You are almost right: \* The routing happens in every feedforward layer (32 of t...

miven · on Dec 11, 2023

I wonder what would be the most efficient tactic for offloading select layers of such a model to a GPU within a memory-constrained system

As far as I understand usually layer offloading in something like llama.cpp loads the first few consecutive layers to VRAM (the remainder being processed in the CPU) such that you don't have too much back and forth between the CPU and GPU.

I feel like such an approach would lead to too much wasted potential in terms of GPU work when applied to a SMoE model, but on the other hand offloading non-consecutive layers and bouncing between the two processing units too often may be even slower...

michaelt · on Dec 11, 2023

As I understand things, these LLMs are mostly constrained by memory bandwidth. A respectable desktop CPU like the Intel Core i9-13900F has a memory bandwidth of 89.6 GB/s [1]

An nvidia 4090 has a memory bandwidth of 1008 GB/s [2] i.e. 11x as much.

Using these together is like a parcel delivery which goes 10 miles by formula 1 race car, then 10 miles on foot. You don't want the race car or the handoff to go wrong, but in terms of the total delivery time they're insignificant compared to the 10 miles on foot.

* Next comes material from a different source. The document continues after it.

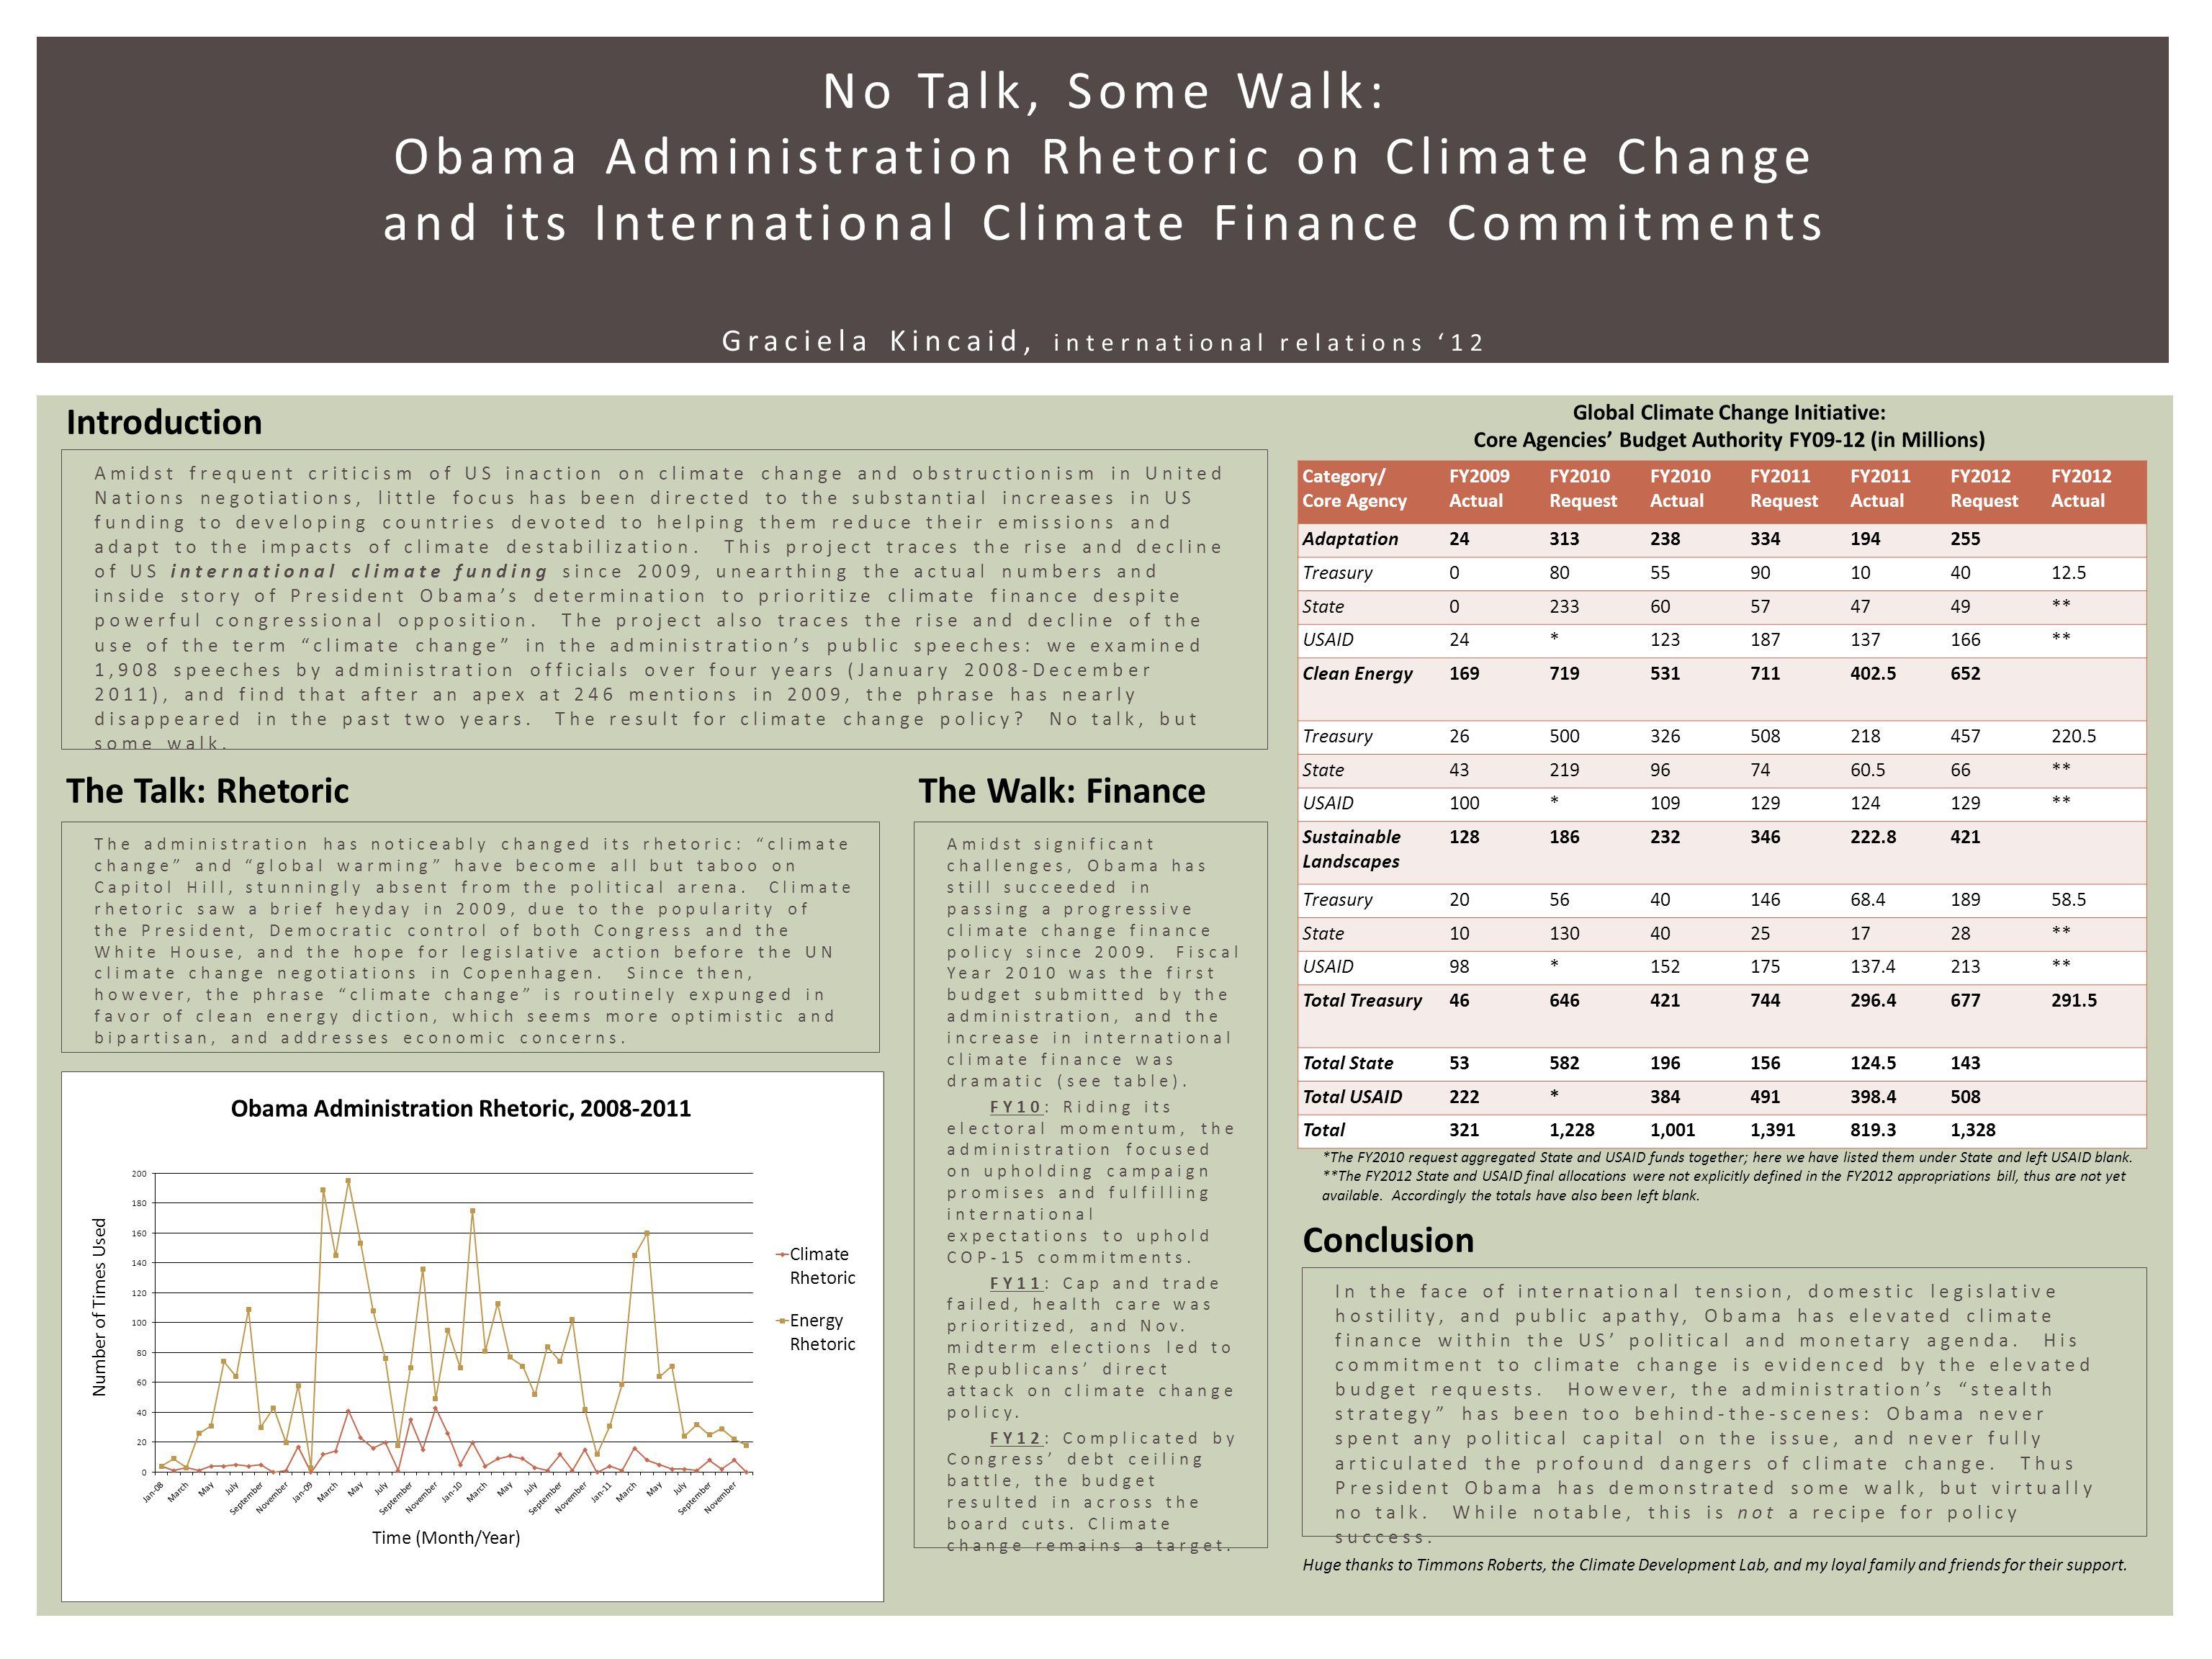 No Talk, Some Walk: Obama Administration Rhetoric on Climate Change and its International Climate Finance Commitments Graciela Kincaid, international

I'm not sure there's much potential for cleverness here, unless someone trains a model specifically targeting this use case.

[1] https://www.intel.com/content/www/us/en/products/sku/230502/... [2] https://www.notebookcheck.net/NVIDIA-GeForce-RTX-4090-GPU-Be...

bloopernova · on Dec 11, 2023

Kind of exciting to think how much faster memory may soon become. Especially with Apple M series for AMD and Intel to compete with for AI workloads.

65a · on Dec 11, 2023

FWIW, server parts from Intel and AMD are already pretty fast, e.g. octo-channel Sapphire Rapids does something on the order of 300GB/s: https://www.ixpug.org/images/docs/ISC23/McCalpin_SPR_BW_limi...

Jackson__ · on Dec 11, 2023

>if you are VRAM constrained

So this is a perfect model architecture for the alternate realities where nvidia decided to scale up VRAM instead of compute first? I'll let them know over trans-dimensional text message.

Also if quantization scales similar per 7b expert as seen in dense LLMs, i.e. the bigger the model, the lower the perplexity loss, this could be the worst performing model at <=4bits compared to anything else currently available :(

-A very sad 24gb 3090 user.

sebzim4500 · on Dec 12, 2023

MoE is a great architecture if you are running the model at scale. When you put different layers on different machines, the VRAM used for the parameters doesn't matter that much but the inference compute really does.

That's why the SOTA proprietary models are probably all MoE (GPT-3.5/4, palm, gemini, etc.) but until recently no open models were.

gorbypark · on Dec 11, 2023

Yeah, now that you say it, it does make sense that all of the params would need to be loaded into VRAM (otherwise it's be really slow swapping between models all the time). I guess the tokens per second would be super fast when comparing inference on a 12B and 45B model, though.